The significant amendments to the Labour Relations Act 66 of 1995 (LRA), came into effect.as of 1 January 2015. The South African fleet industry will now have to comply with the new stipulations specified in the Act..
According to Hugo Pienaar, Director in the Employment practice at Cliffe Dekker Hofmeyr, the amendments introduced to the LRA, signal movement by government to streamline the country’s labour environment and have required that South African businesses, including those in the fleet industry, adjust the way they have traditionally employed and managed staff within their organisations.
Discussing some key features of the amendments to the LRA, and which are relevant to the fleet industry in particular, Pienaar says that companies who use labour brokers for seasonal employment (a common occurrence in the fleet industry) will now have to ensure that their contracts meet the requirements as set out in the LRA.
Pienaar explains, “The amended LRA seeks to more actively regulate non-standard employment relationships. This ambit includes the employees of labour brokers (TES) (section 198A of the LRA), employees employed for a fixed period of employment (section 198B of the LRA) and part-time employees (section 198C of the LRA). In the premises, employers must pay careful attention to the various amendments when making use of seasonal workers, labour brokers or successively renewing fixed-term contracts of employment. These amendments invite closer scrutiny of the labour practice.
’’In terms of section 198B of the LRA, fixed term employees, who earn below the current Basic Conditions of Employment Act 75 of 1997 threshold of R 205433.30 (the Threshold), are protected by placing limitations on the right to employ employees for a fixed period of employment. This includes not being treated less favourably than employees employed on a permanent basis performing the same or similar work, unless the difference in treatment can be justified. In the premises, section 198B(3) of the LRA states that fixed term contracts of employment for longer than 3 (three) months, may only be used if there is a legitimate justification for it. In the absence of such a justification, the fixed term employee will be deemed to be employed for an indefinite period of time,” says Pienaar.
“The amendments are primarily intended to limit the use of these employees, who earn below the Threshold, to true short-term contracts, being agreements equal to, or less than, 3 (three) months. Should an employer wish to enter into contracts of this nature for periods in excess of 3 (three) months, their reason for doing so would have to justify this type of employment relationship. Without limiting the grounds upon which employers can rely, the LRA now identifies specific justifications including; to replace another employee who is temporarily absent, or persons employed to work exclusively on a specific project that has a limited or defined duration. The underlying principle guiding section 198B of the LRA is justifiability. In the absence of such justifications, fixed term employees will be deemed to be employed for an indefinite period of time and TES employees will be deemed to be the employees of the client,” he notes.
Pienaar explains that collective labour law is also affected by the amendments introduced to the LRA. These amendments are aimed at promoting the inclusion of non-standard employees in the collective bargaining framework and expanding the application of organisational rights.
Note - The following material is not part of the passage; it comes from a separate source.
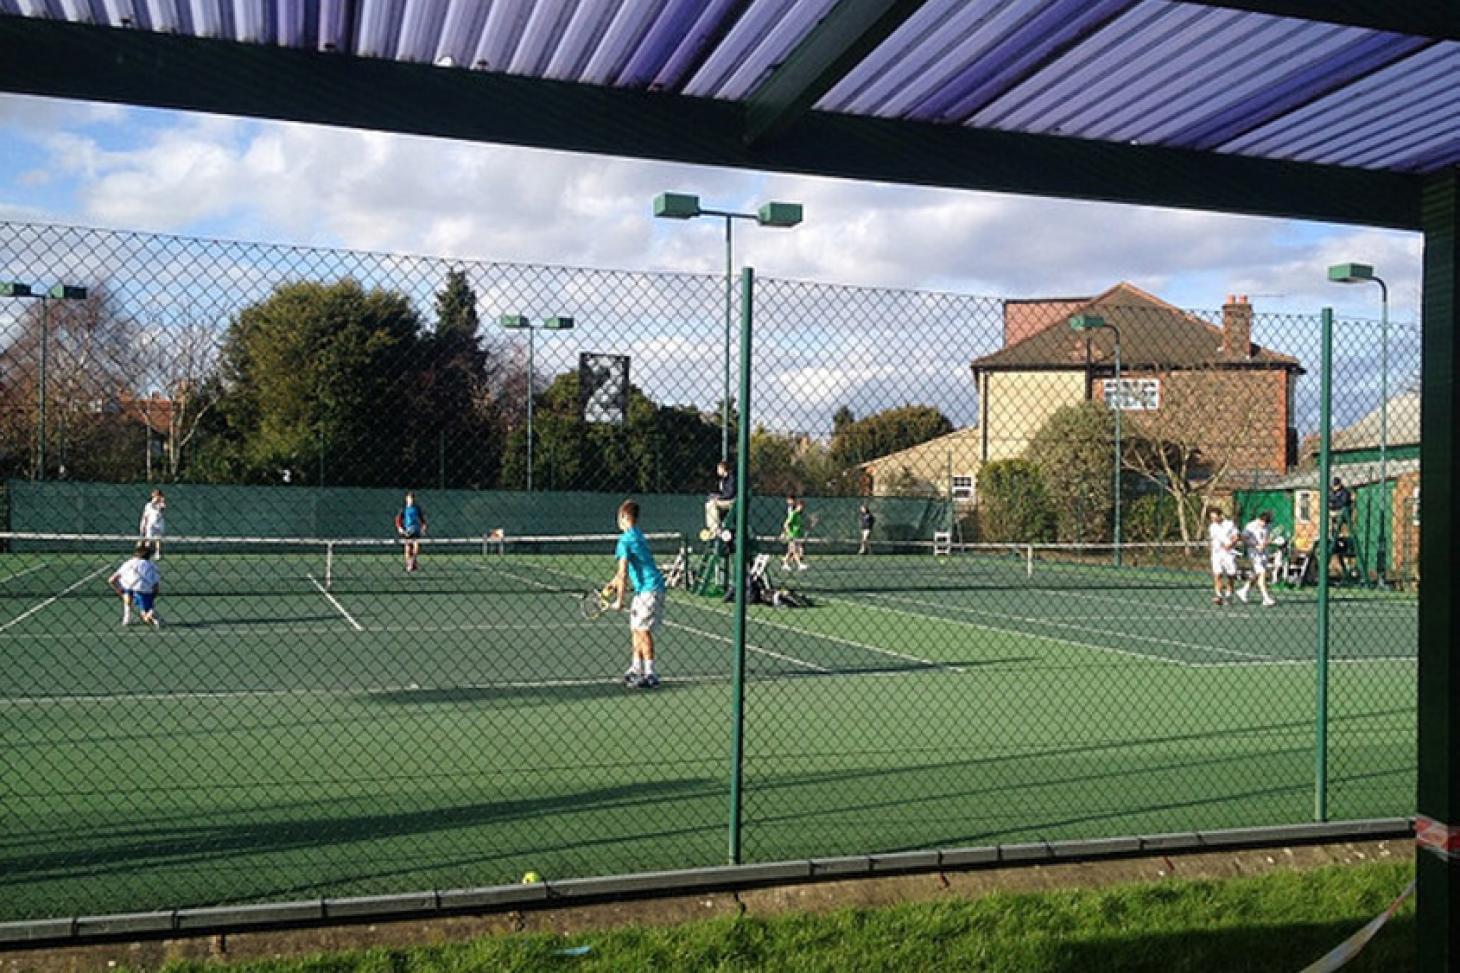 Wilton Lawn Tennis Club Outdoor   Hard (macadam) tennis court

This will effectively expand the employee pool in a workplace for purposes of procuring organisational rights.
These amendments will have the effect of creating a more inclusive collective bargaining arena in the workplace. Hopefully, this will lessen the need felt by smaller unions to use industrial action as the only route to obtain organisational rights, previously ordained for more representative unions only.
The reality is this: Large trade unions like AMCO and NUMSA have started organising within the Road Freight Industry. Although the LRA now accommodates and empowers smaller- and other trade unions in the industry, it cannot be guaranteed that these smaller- and other trade unions will respect agreement’s entered into with existing unions. In the premises this will affect the collective negotiation process and the way going forward.